Ricardo Salvador is a senior scientist and director of the Food & Environment Program at Union of Concerned Scientists. Before UCS, Dr. Salvador served as a program officer for Food, Health, and Well-being with the W.K. Kellogg Foundation. While there, he partnered with colleagues to create programs that addressed the connections between food and health, environment, economic development, sovereignty, and social justice. Dr. Salvador was on the faculty of agronomy at Iowa State University for 18 years.
Eric Schlosser, an award-winning journalist, has written for Atlantic Monthly, Rolling Stone, Vanity Fair, The Nation, and The New Yorker, among others. He has received a National Magazine Award and a Sidney Hillman Foundation Award for reporting. His books, Reefer Madness, Fast Food Nation: The Dark Side of the All-American Meal, and Chew on This, which he co-authored, have been national bestsellers. Fast Food Nation is assigned reading at universities across the country and was adapted to film in 2006. His recent works include Command and Control: Nuclear Weapons, the Damascus Accident and the Illusion of Safety (2013), which was nominated for the Pulitzer Prize for History award, and Gods Of Metal (2015).
Shakirah Simley is the Executive Director of the Booker T. Washington Community Service Center, the former director of the Office of Racial Equity for the City and County of San Francisco, a Fulbright alum, and a food justice advocate. Previously, she has worked in food policy and community development work, and operated an artisan preserves company, and for the past decade, has championed applying a race and gender equity lens to improve the nation’s food system.

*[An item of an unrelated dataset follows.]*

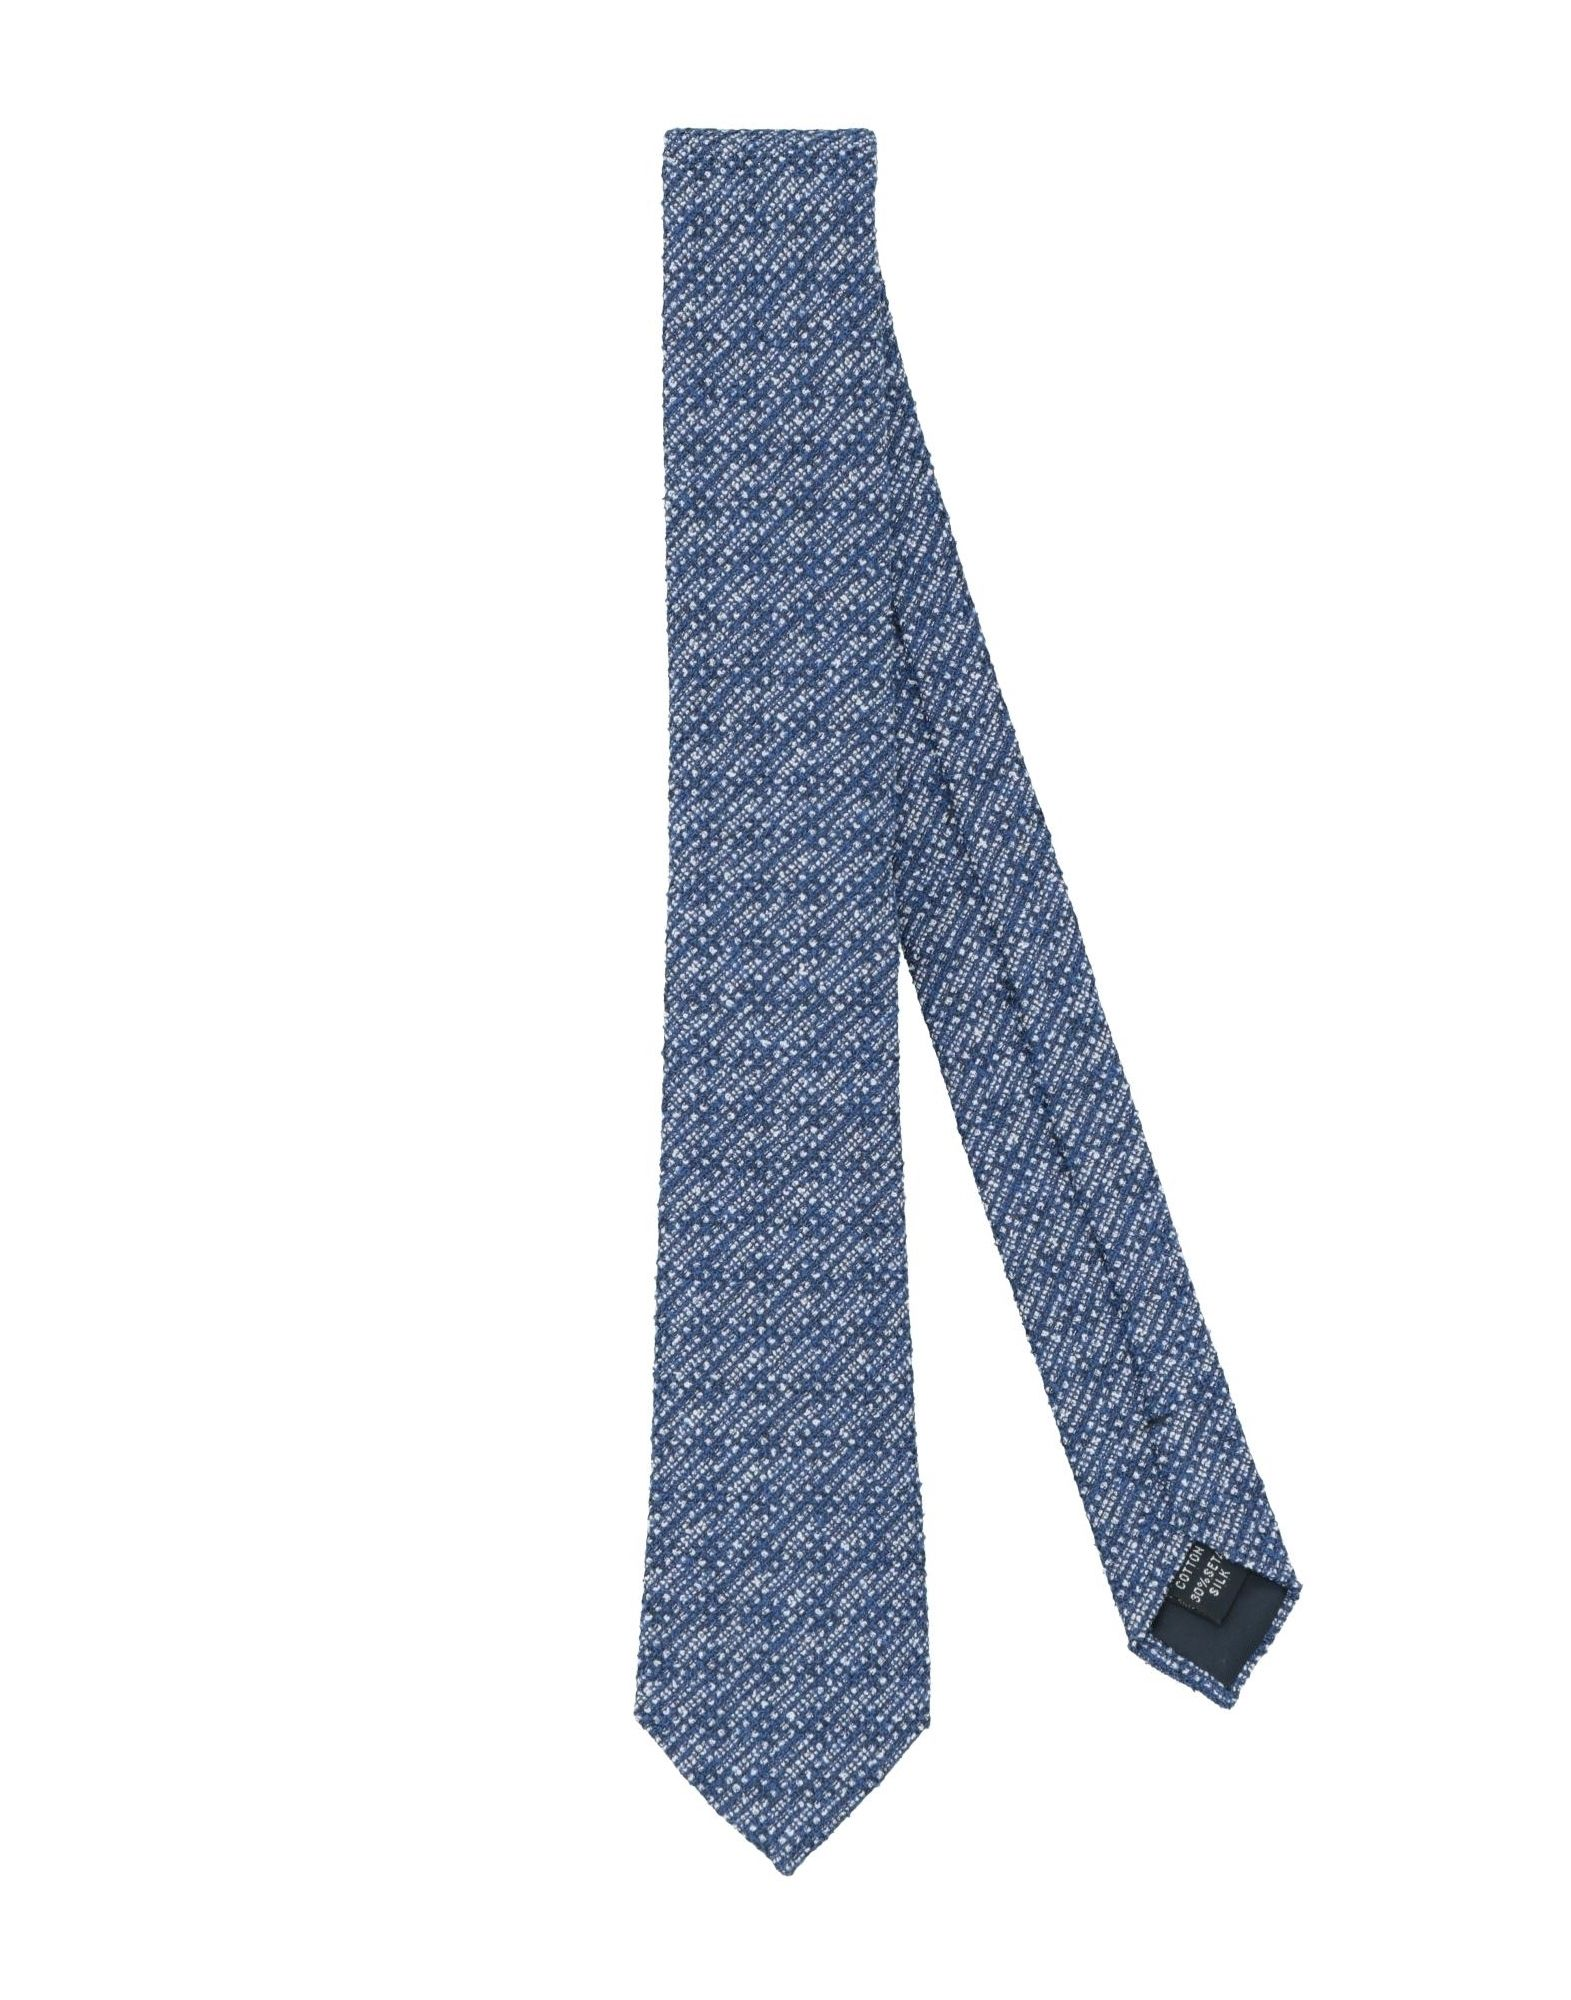 MANUEL RITZ Галстук manuel ritz галстук

Alice Waters, chef, author, food activist, and owner of Chez Panisse, has been a champion of local, sustainable agriculture for over four decades. She is the founder of The Edible Schoolyard Project, an innovative model for public education that integrates growing and cooking food into the core academic curriculum. Waters’ vision for edible education began 20 years ago with The Edible Schoolyard at Berkeley’s Martin Luther King Jr. Middle School, which today draws visitors from around the world. To date, there are more than 4,000 Edible Schoolyard Network member programs in 54 countries. Waters is also vice president of Slow Food International and is the author of 14 books, including New York Times bestsellers The Art of Simple Food I & II, 40 Years of Chez Panisse: The Power of Gathering, and The Edible Schoolyard: A Universal Idea.